Wu Ching-yi
Wu Ching-yi, also known as Blanche Wu, (1932) graduated from Ginling College with her B.A. in 1923 and in 1926 joined Ginling’s faculty as a professor in the biology department. In 1932, she was granted a two-year Barbour Scholarship, obtaining her master’s degree in Botany in 1934. Blanche returned to China during the Imperial Japanese army’s invasion of the country. During this time, many colleges and universities moved to west China where it was safer. Blanche, however, decided to remain on the Ginling University campus with Miss Minnie Vautrin and Mrs. Tsen Shui-fang.
The Japanese army’s takeover of Nanking on December 13, 1937 was followed by six weeks of Japanese soldiers looting, burning, killing, and raping women and girls. Approximately 300,000 Chinese civilians and unarmed combatants were killed in less than two months. During the Rape of Nanking, Blanche and her colleagues turned the Ginling campus into a refugee camp for more than 10,000 women and children. Miss Vautrin patrolled the campus to chase away Japanese soldiers who tried to sneak in, while Blanche distributed supplies to the refugees. In March of 1938, Ginling was still hiding 3,300 refugees who were afraid for their lives. Miss Vautrin began vocational classes for the women and young girls in the refugee camp so they could learn skills. Blanche was actively involved as a biology teacher.
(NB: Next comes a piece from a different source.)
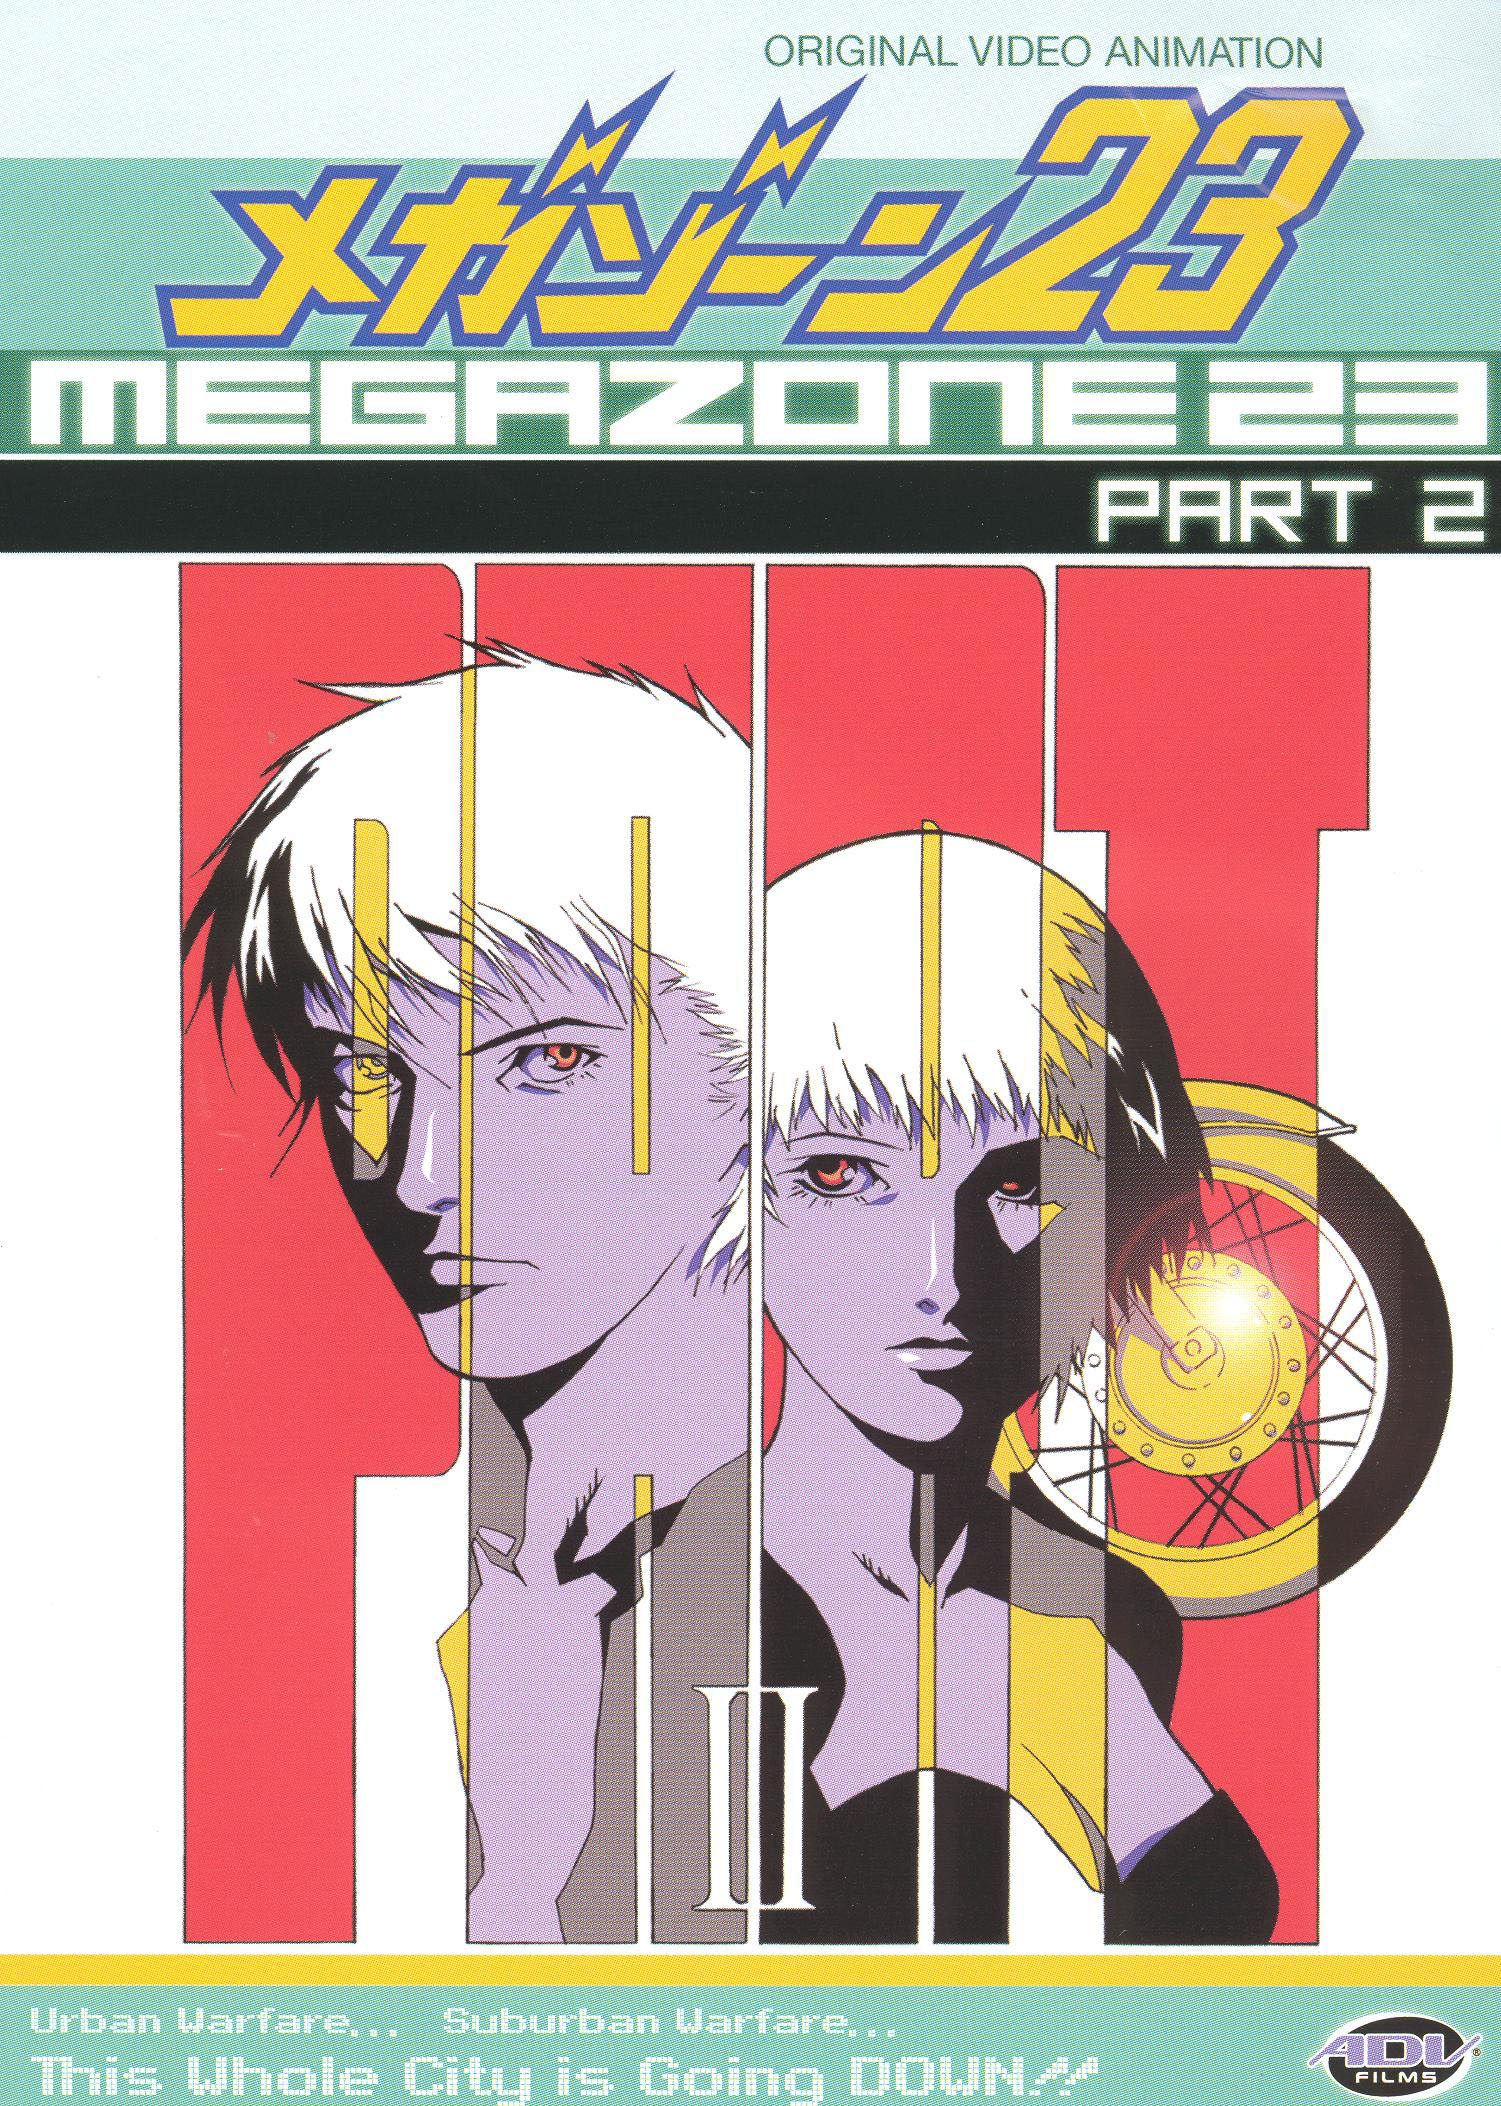 Megazone 23, Part 2 [Anime OVA]

When the Ginling campus was closed in June 1942 after the Pearl Harbor attack, Blanche moved to the University of Nanking campus. With the surrender of Japan in August of 1945, she was the first person to exercise Ginling College’s right to reclaim its property from the Japanese, such as books, furniture, and art. To preserve the school and prepare for the return of refugees from the western region, she and other Ginlingers decided to open Ginling Middle School in the fall of 1945, and she was elected Principal. Blanche took a sabbatical leave to study in the U.S. in 1948. With the communist takeover in 1949, she had to stay in the U.S., where she studied and worked at Oregon State College, the University of Kentucky, Hartford Seminary, and Virginia Polytechnic Institute, until she retired in 1969.